The Miętus Valley (Dolina Miętusia) is the largest side branch of Kościeliska Valley in the Polish Western Tatras. It covers an area of approximately 6 km² and stretches about 4.5 km in length.

== Topography ==
The two valleys converge where their streams meet, just above Wyżnia Kira Miętusia, at an elevation of 947 m above sea level.

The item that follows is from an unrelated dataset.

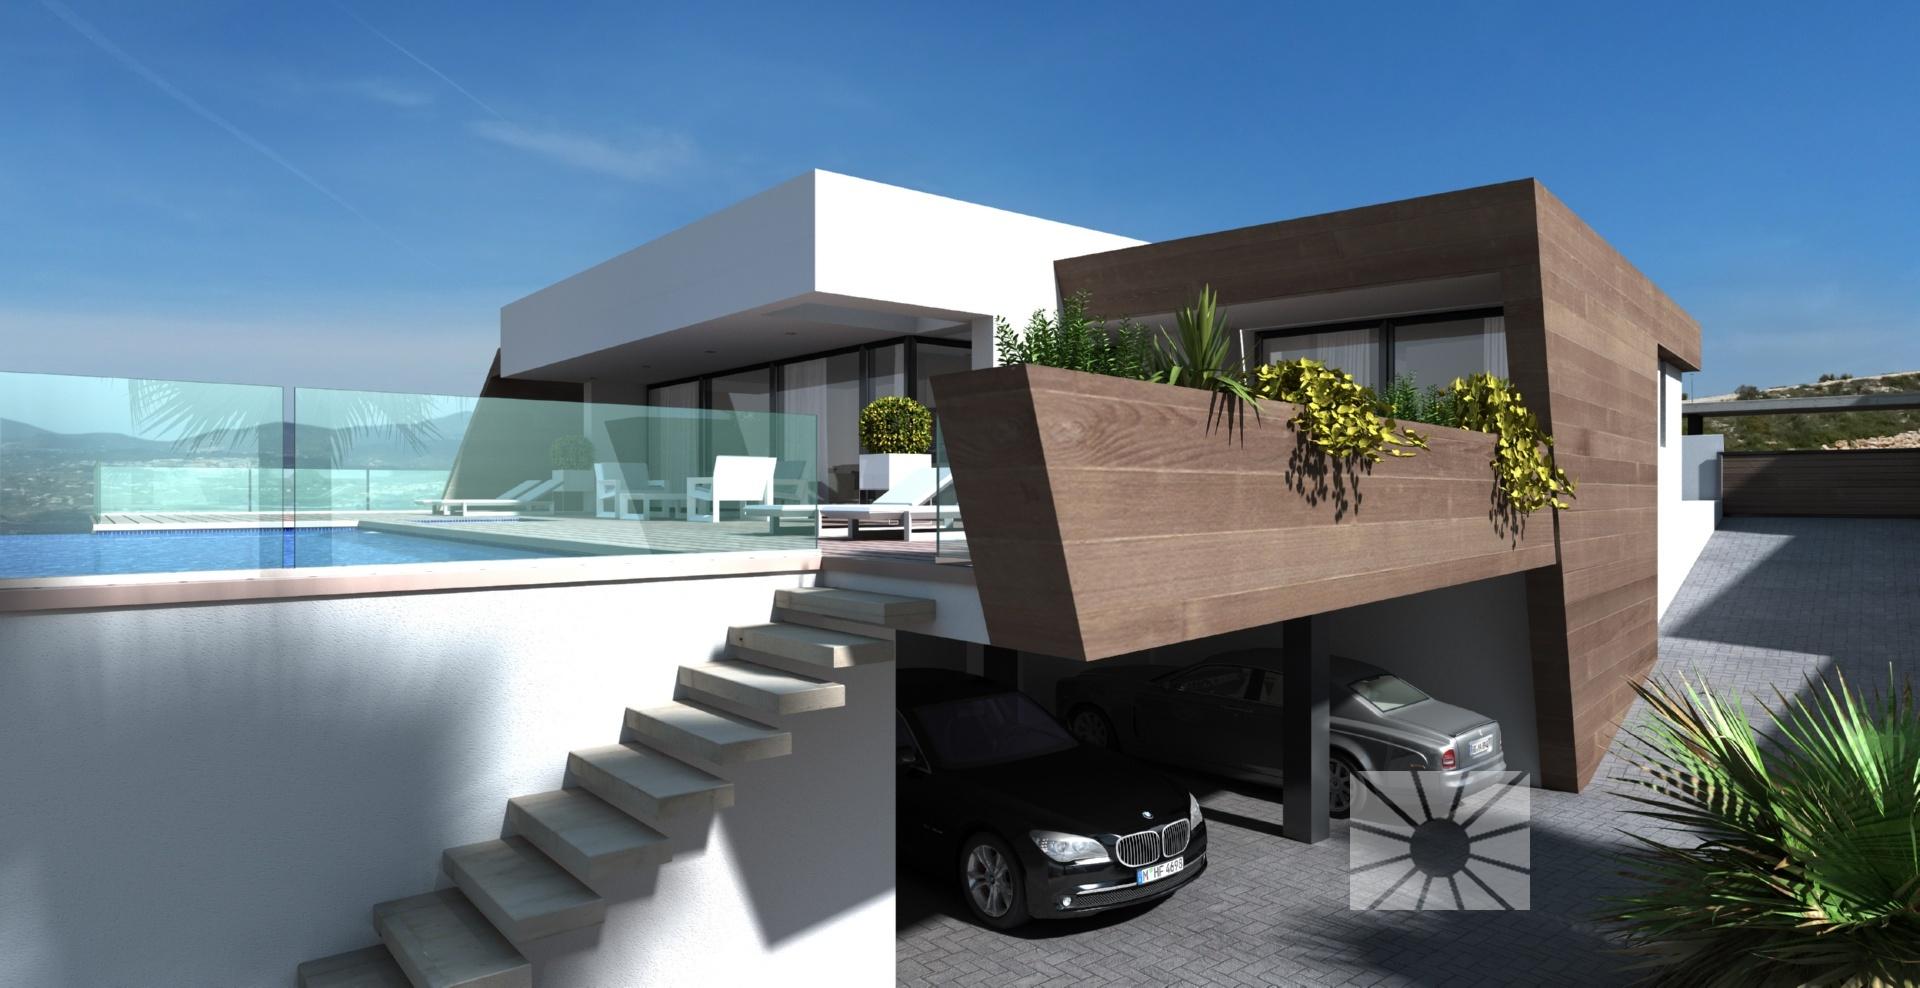 Villa bellavista chalet de lujo moderno en venta en for Planos de chalets modernos

The boundaries of Miętusia Valley are defined by three arêtes: the northwest arête of Ciemniak, the main Tatra arête from Ciemniak to Małołączniak, and the northwest arête of Małołączniak, running through Czerwony Gronik to Kończysta Turnia. The lower part of the valley runs roughly east-west and is a typical river valley. At the lower end of Niżnia Miętusia Rówień, the valley shifts to a southeast direction, and its character changes due to glacial shaping. The valley features three distinct levels separated by rocky knickpoints:
- The first level comprises Niżnia and Wyżnia Miętusia Rówień,
- The second level forms a cirque known as Wielka Świstówka,
- The third level consists of two twin hanging valleys: Litworowa Valley and Mułowa Valley.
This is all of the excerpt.